Senior Data Scientist
Data Science
Tel Aviv-Yafo, Israel
Honeycomb Insurance
At Honeycomb, we're not just building technology; we’re reshaping the future of insurance.
In 2025, Honeycomb was recognized by Dun & Bradstreet as “Top 10 Best Start Up Companies to Work For” in Israel, named by LinkedIn as “Top 10 Startups in Chicago”, and Newsweek’s "Greatest Startup Workplaces in America, 2025". Through the first half of 2026 we’ve been recognized on Inc. Magazine’s "Best Workplaces" List and Forbes "Fintech 50".
How did we earn these honors?
Honeycomb is a rapidly growing global startup, generously backed by top-tier investors and powered by an exceptional team of thinkers, builders, and problem-solvers. Dual-headquartered in Chicago and Tel Aviv (R&D center), and with 6 offices across the U.S., we are reinventing the commercial real estate insurance industry, an industry long overdue for disruption. Just as importantly, we ensure every employee feels deeply connected to our mission and one another.
With over $100B in insured assets, Honeycomb operates across 23 states, covering more than 65% of the U.S. population and increasing its coverage.
If you’re looking for a place where innovation is celebrated, culture actually means something, and smart people challenge you to be better every day - Honeycomb might be exactly what you’ve been looking for.
- About The Role
We are looking for a Senior Data Scientist to join Honeycomb's AI team, the team behind underwriting decisions, quote-time risk scoring, and portfolio analytics.
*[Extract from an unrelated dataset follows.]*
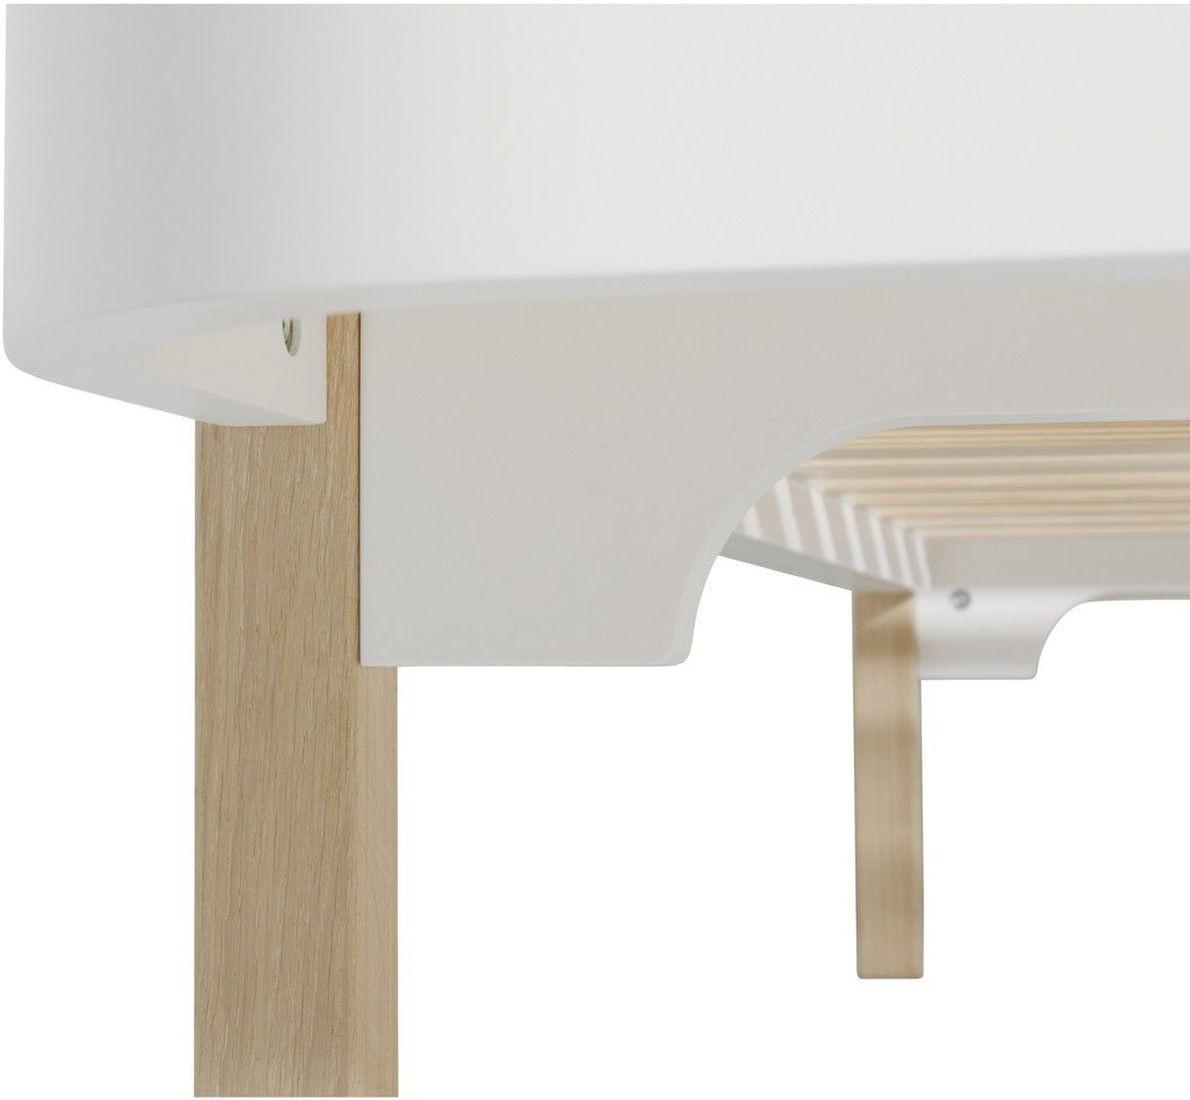 bettsofa tagesbett wood 90x200 cm oliver furniture kleine fabriek. Black Bedroom Furniture Sets. Home Design Ideas

In this role, you will own entire research directions: framing the problem, deciding what's worth measuring, designing the approach from first principles, and turning
the result into production signal. The work is production-oriented applied research on hard, real-world datasets where standard recipes don't apply and the right method
often has to be invented for the problem.
What You'll Do
- Own open-ended research directions end-to-end - from a vague business question to a deployed, validated signal.
- Work across the team's core research areas — risk modeling, environmental and catastrophe modeling, and behavioral modeling - translating complex real-world processes
into reliable predictive signal.
- Deeply investigate existing production models - understand what they actually learn, where they break, and where the headroom is; identify and ship optimizations
grounded in that understanding.
- Design approaches from first principles when off-the-shelf methods don't fit the data.
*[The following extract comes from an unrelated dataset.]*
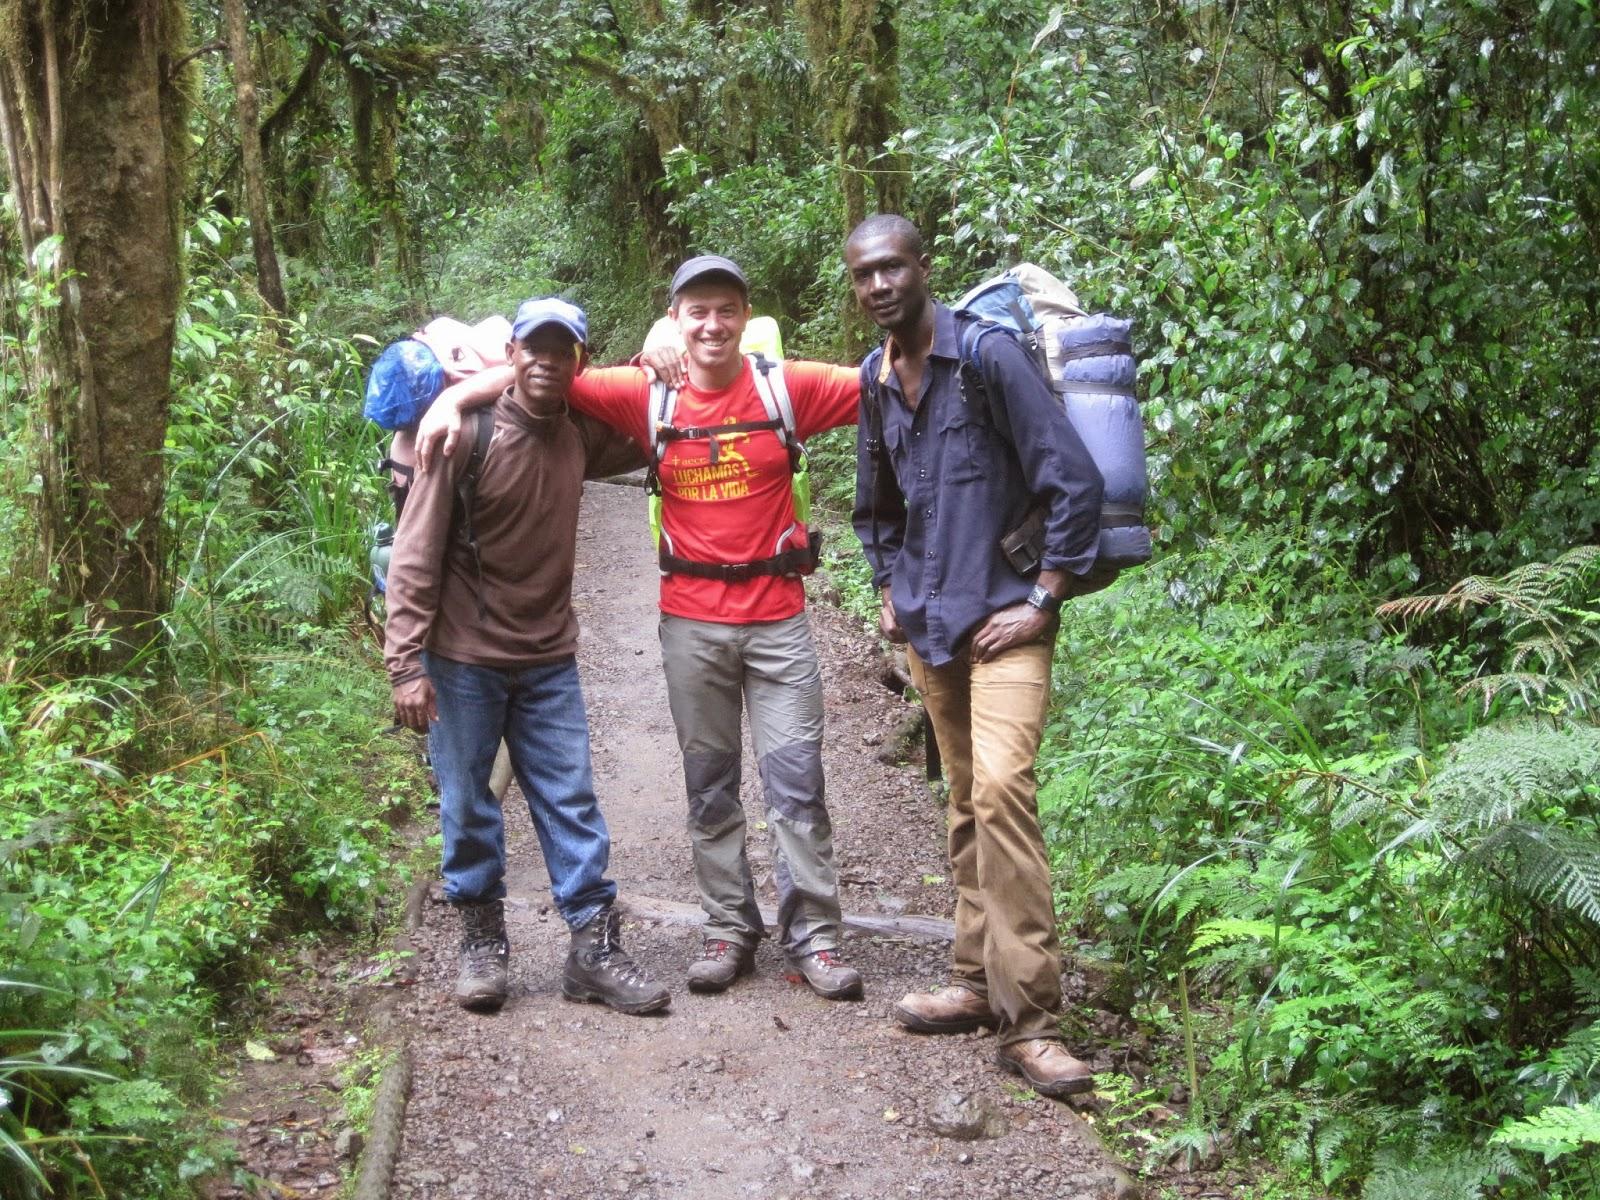 ENLACIMA-Lipe-con-dos-guías-tanzanos-Kilimanjaro-Ruta-Machame

- Build rigorous evaluations and own the result in production, not just the notebook.
- Document research clearly so findings are reproducible, auditable, and compound over time.
Requirements
- MSc. or PhD in Statistics, Applied Math, Physics, or a closely related quantitative field.
- Real research experience - a track record of driving original investigations end-to-end (academic research, a research-heavy PhD, industry R&D, or equivalent), not
only applied ML delivery.
- Strong mathematical or statistical problem-solving instincts - able to model a messy real-world system from scratch, not just apply a library.
- Production deployment experience: monitoring, CI/CD, data validation, reproducibility.
- Ability to independently initiate, plan, and drive entire research directions.
- Team player, positive, driven, independent, fast learner.
Advantages
- Depth in classical statistics, causal inference, or applied probability.
- Deep learning experience.
- Clean coding and repository-maintenance habits.